博览会首日,在一种微妙而紧张的气氛中落下帷幕。尽管有赵鸿儒的当众发难,但林墨的应对,以及随后琉璃镜拍卖引发的狂热(一面半人高的琉璃镜最终以三万两的天价被一位江南豪商拍下),使得这场盛会至少在表面上取得了巨大成功。夜晚时分人流渐渐散去,留下满地狼藉和无数兴奋的谈资。
墨香商号上下人困马乏,但精神却处于一种亢奋状态。首日入场人数和成交额远超预期,尤其是琉璃镜和系列新品香露的订单,如雪片般飞来。伙计们收拾着场地,脸上带着疲惫而满足的笑容。
林墨却没有丝毫松懈。他站在略显空荡的主展区,看着伙计们收拾残局,心中计算的不是银钱,而是暗处的刀锋。胡百城生死未卜,赵鸿儒的公开挑战,都预示着更大的风暴即将来临。
“公子,累了一天了,先回府歇息吧。这里有我和沈先生照应。”李涵走过来,低声劝道。他脸上也带着深深的倦色。
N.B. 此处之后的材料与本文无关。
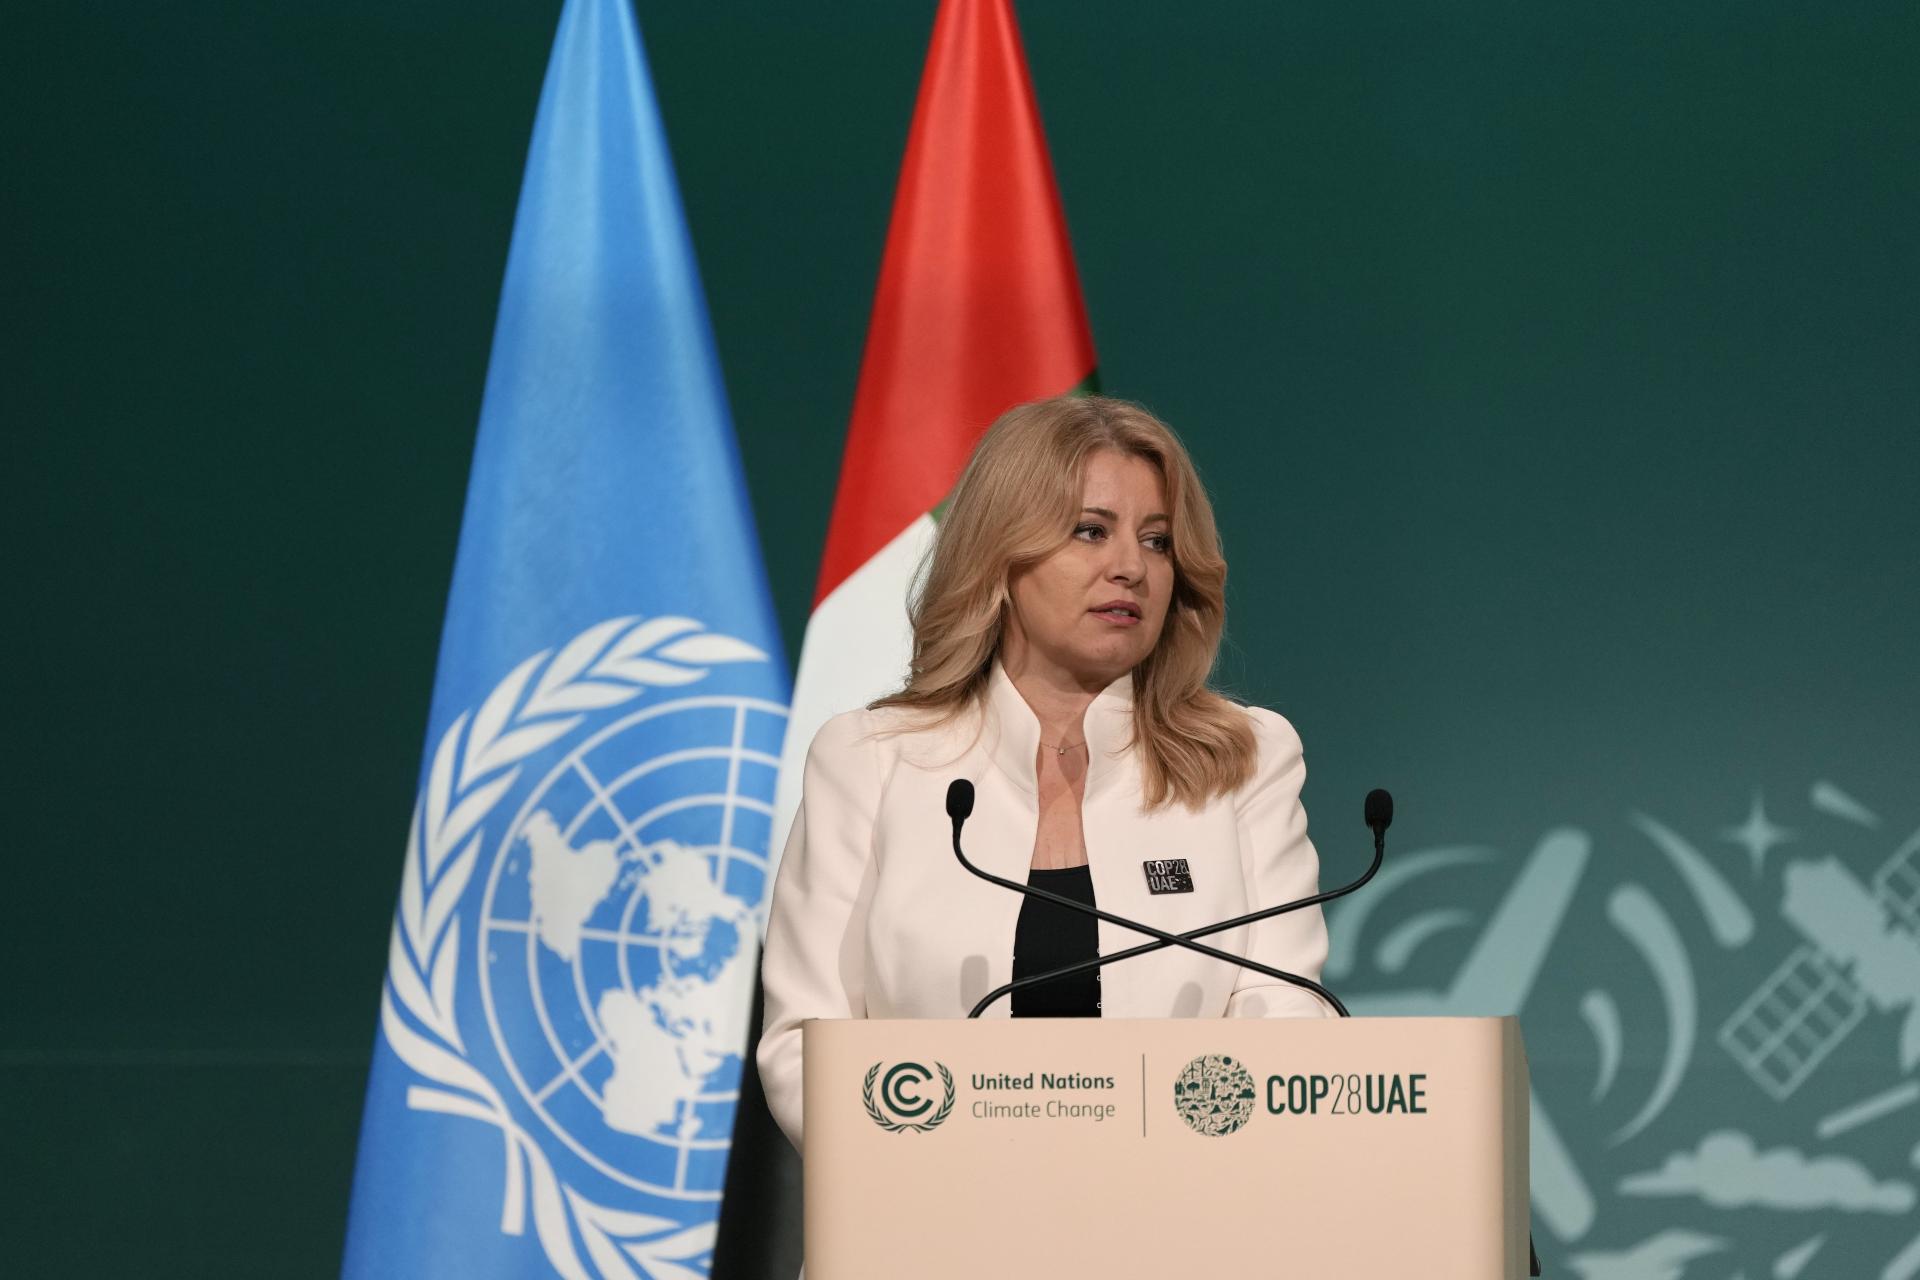 Ľudstvo sa rúti do priepasti, vyhlásila Čaputová na klimatickej konferencii v Dubaji

林墨点点头,刚要说话,一阵急促的马蹄声由远及近,在寂静的夜空中格外刺耳。众人皆是一惊,循声望去,只见一骑快马冲破夜色,直奔会场而来。马上骑士浑身湿透(入夜后又下起了淅淅沥沥的小雨),冲到近前,滚鞍下马,几乎是踉跄着扑到林墨面前,是留守商号总部的一名得力护卫。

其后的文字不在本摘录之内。